This morning, I got lost in memories.

Not the kind you choose to revisit, but the type that shows up uninvited—carrying the weight of decades.

I saw myself as a mischievous, silly child… yet crushed in spirit by voices that called me “stupid.”

A teenage jerk (because let’s be honest—weren’t we all a little?)

A young adult searching for footing, finding God to steady me.

A wife determined to love and support my husband, yet afraid of losing myself.

A young mom trying to figure out how to raise three wonderful but very different kids.

Isn’t that how life goes?

Shaped by circumstances we never saw coming. Influenced by places we’ve lived and people we’ve known, sometimes pulled off course by pain, distraction, or simply survival.

And I wondered:

How much of who I was meant to be got buried under who I felt I had to become?

What parts of my true self remain?

Did I leave some stranded years ago on the side of the road?

Did I miss the markers—the signs meant to guide me home?

Am I living the life I chose… or the life I thought I should lead?

As these questions swirled, I found myself whispering aloud with a sigh of relief:


“You loved me back then, didn’t You?”

And immediately, I smiled.

Because I knew the answer.

Yes!

God loved me then.

He loves me now.


Not just the cleaned-up, polished version,

Not just the “Christian mom” I attempted to emulate.

But the messy, creative, failing, insecure, mistake-making, rebellious wild-hearted girl I used to be—and in many ways, still am.

He loved her.

He still does.

And He loves the woman I’ve become.

He wasn’t disappointed.

He wasn’t nervously wondering, like my parents, if I would “amount to much.”

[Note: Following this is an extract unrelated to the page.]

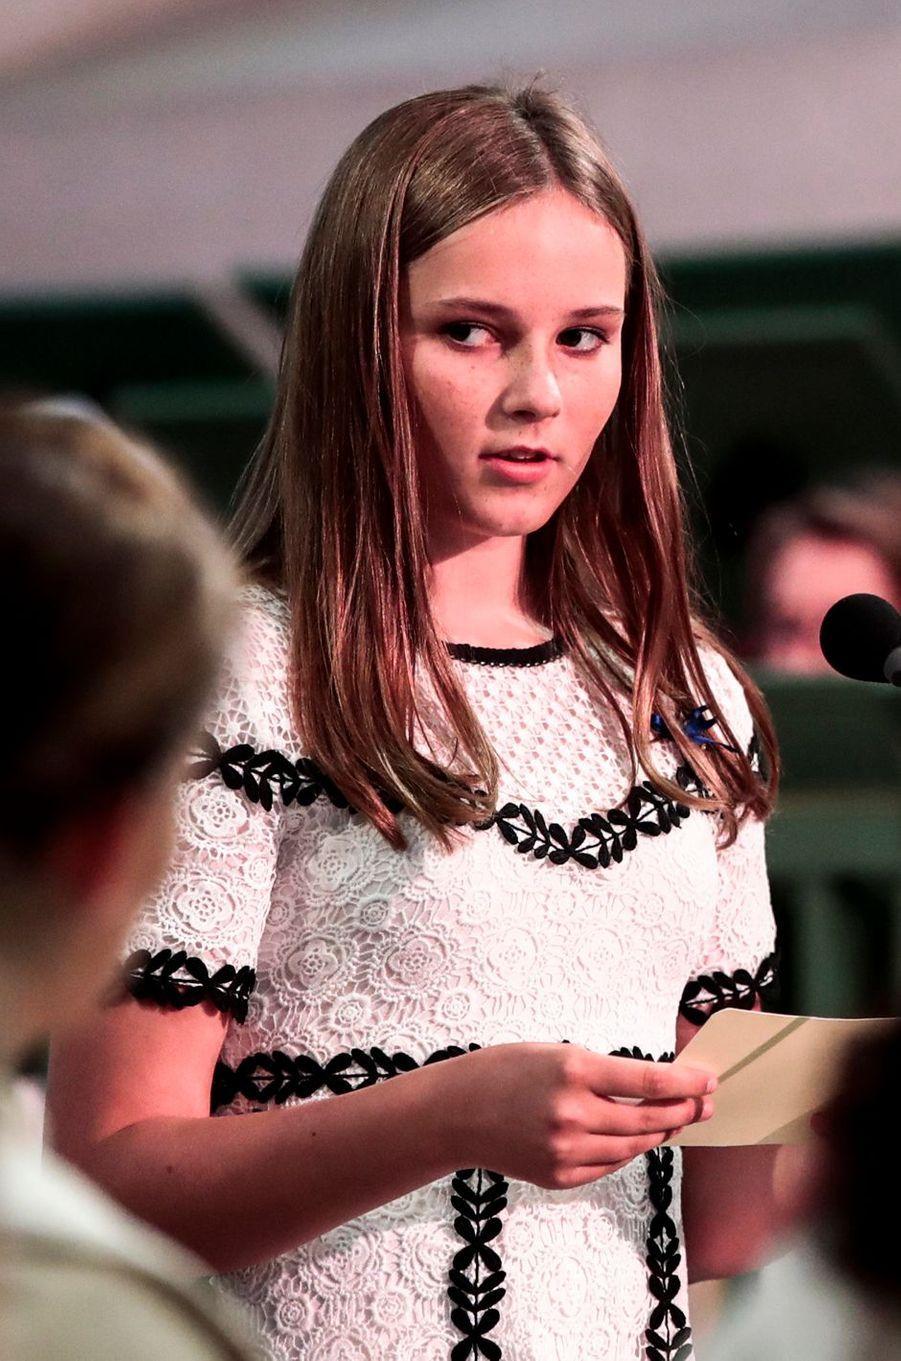 La princesse Ingrid Alexandra de Norvège à Oslo, le 29 août 2018

He wasn’t judgy or waiting for me to straighten up.


He was watching me with delight!


He loves me with a love I can’t grasp or explain—deeper than memory, louder than shame, stronger than time.


And when I pause long enough to take in even a glimpse of how wide and long and high and deep His love really is, something shifts.

I can begin to love myself—not just the polished version, but the messy, insecure, still-growing me.


And from that place of being rooted in love, I find I can love others better too—because He loves them just as fiercely.


So maybe that’s the invitation for all of us: to remember, and to rest in the truth that His love has never wavered. It covers our past, carries us into our future, and steadies us in this very moment. This is the love that welcomes us home—to ourselves, and to Him.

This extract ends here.